The MetroCard's usefulness isn't limited to the subways and buses. A Manhattan woman is turning the cards into art that's sold in galleries. NY1's Jose Martinez filed the following report.

For 8 million people each day, MetroCards are nothing more than a ticket to the city's sprawling transit system.

Nina Boesch sees them a different way.

"Initially, I was really just collecting them as souvenirs. I came from Germany and was thinking, 'I'm going to bring these home as gifts for my friends,'" she says. "But I realized I could put them to good use and make art with it."

The result? MetroCard art. Fantastic cityscapes, pictures of legendary athletes and entertainers, city landmarks.

She glues pieces of the cards to create intricate scenes and faces of the city. There are portraits of fire hydrants, bridges and transit maps. Look closely, and you can see the text on the cards transformed into subway lines.

"Sometimes, I do use smaller scissors just to get the details. And sometimes I need to cut out type. So individual letters, I usually use, like, little nail scissors," she says.

Some of her work is currently displayed at the Elena Ab Gallery. An image of the Brooklyn Bridge is priced at $450. A skyline piece can be yours for $3,700. That's a lot of subway rides.  

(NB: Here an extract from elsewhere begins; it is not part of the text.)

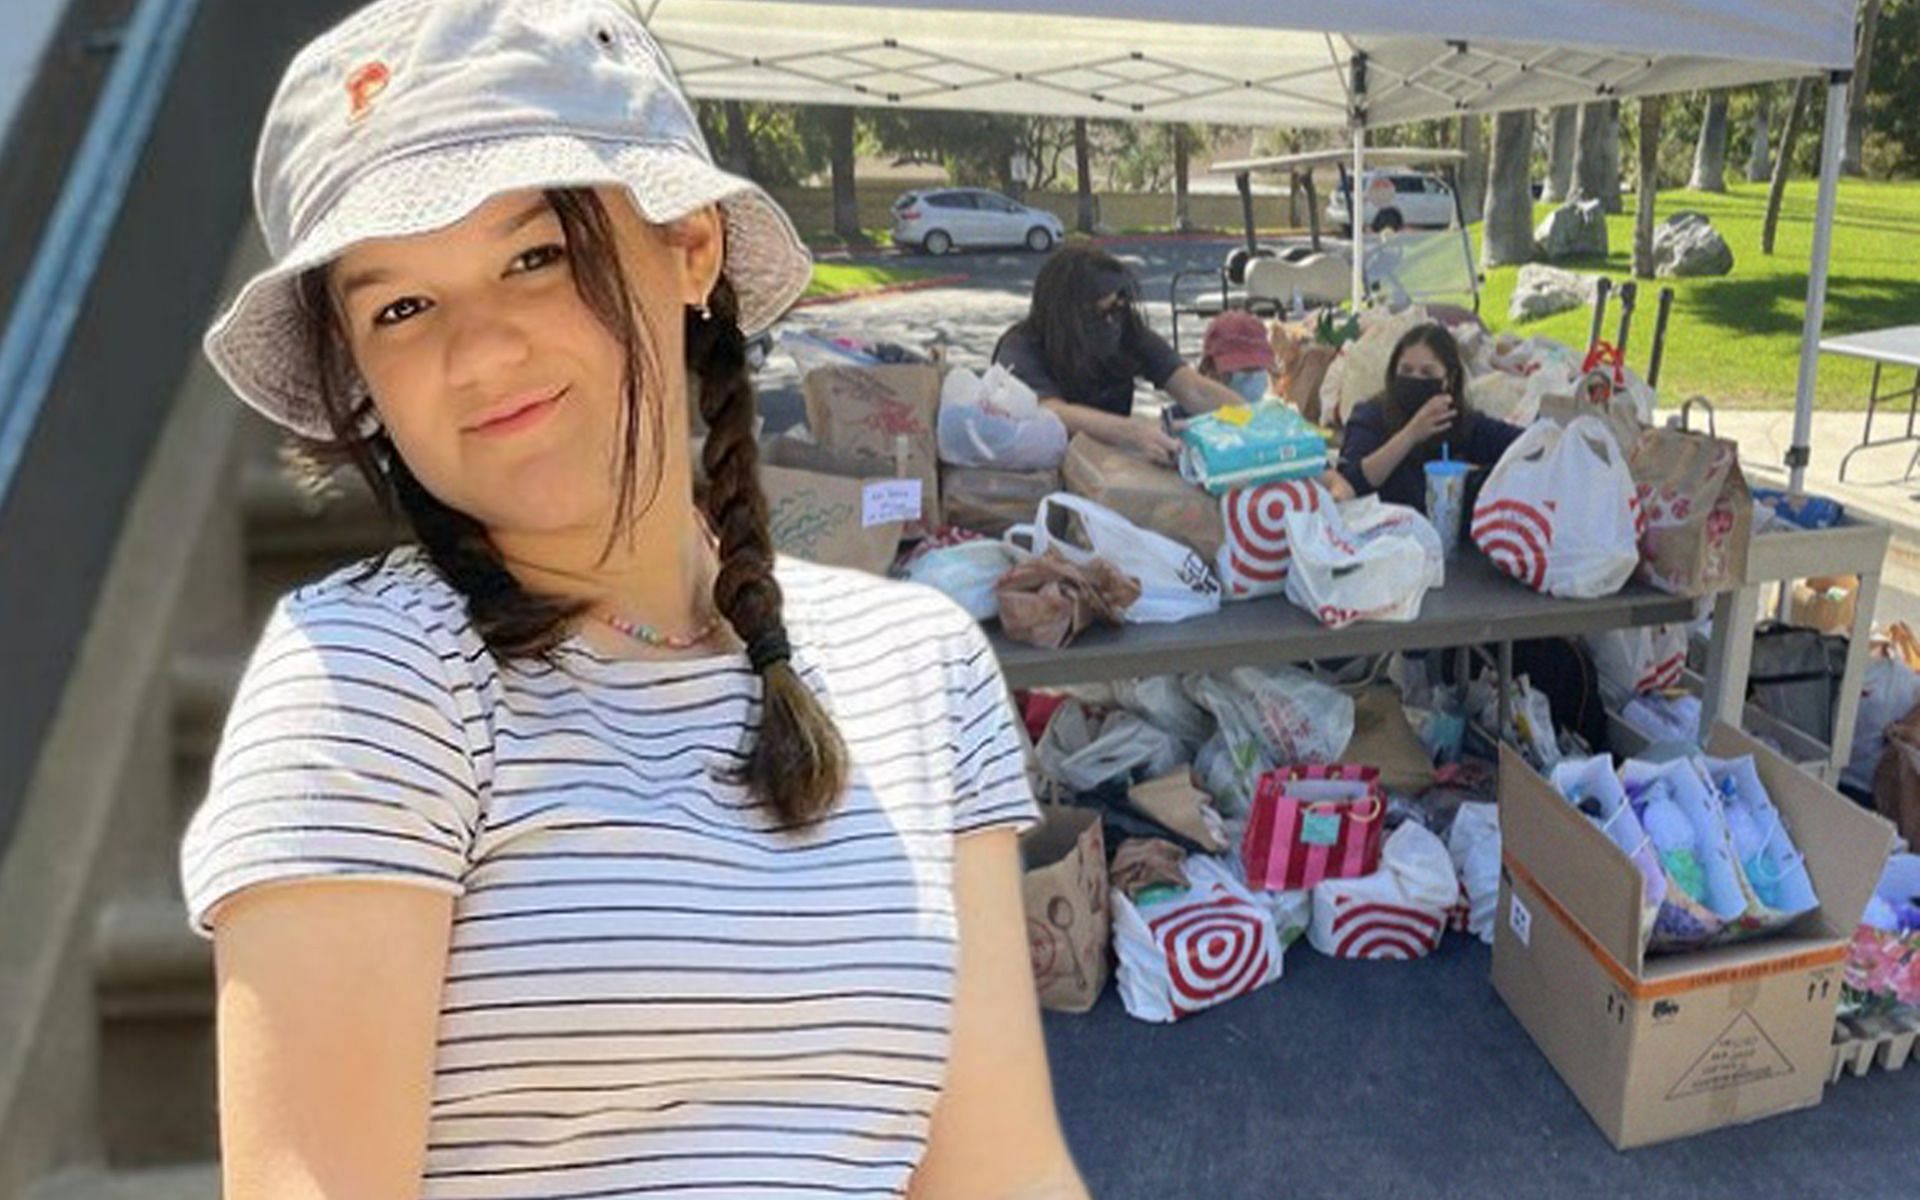 Actress Dariana Alvarez discussed her volunteer work in eradicating period poverty (Image via itsdarianaalvarez/Instagram and Dariana Alvarez)

The gallery's owner, Elena Ab, says her clients are fascinated by Boesch's works.

"It's very New York," Ab says. "Almost every person that's been through New York at some point is in the subways. It's the creativity of thinking, of taking this medium and create a mosaic. To me, it's just brilliant."

Great art is timeless. The MetroCard, however, is not. The MTA is set to start phasing out the MetroCard by 2020. Boesch, though, says she's not the least bit concerned that she'll ever run out of art supplies.

Boesch acknowledges that obtaining MetroCards has gotten much tougher since 2013, when the MTA added a $1 new card fee to each MetroCard purchase, encouraging riders to re-use their cards rather than toss them away. But she's not worried about that, either.

"I collected so many MetroCards over time," she says. "And thankfully, I have all my friends and my colleagues. Everybody collects MetroCards for me."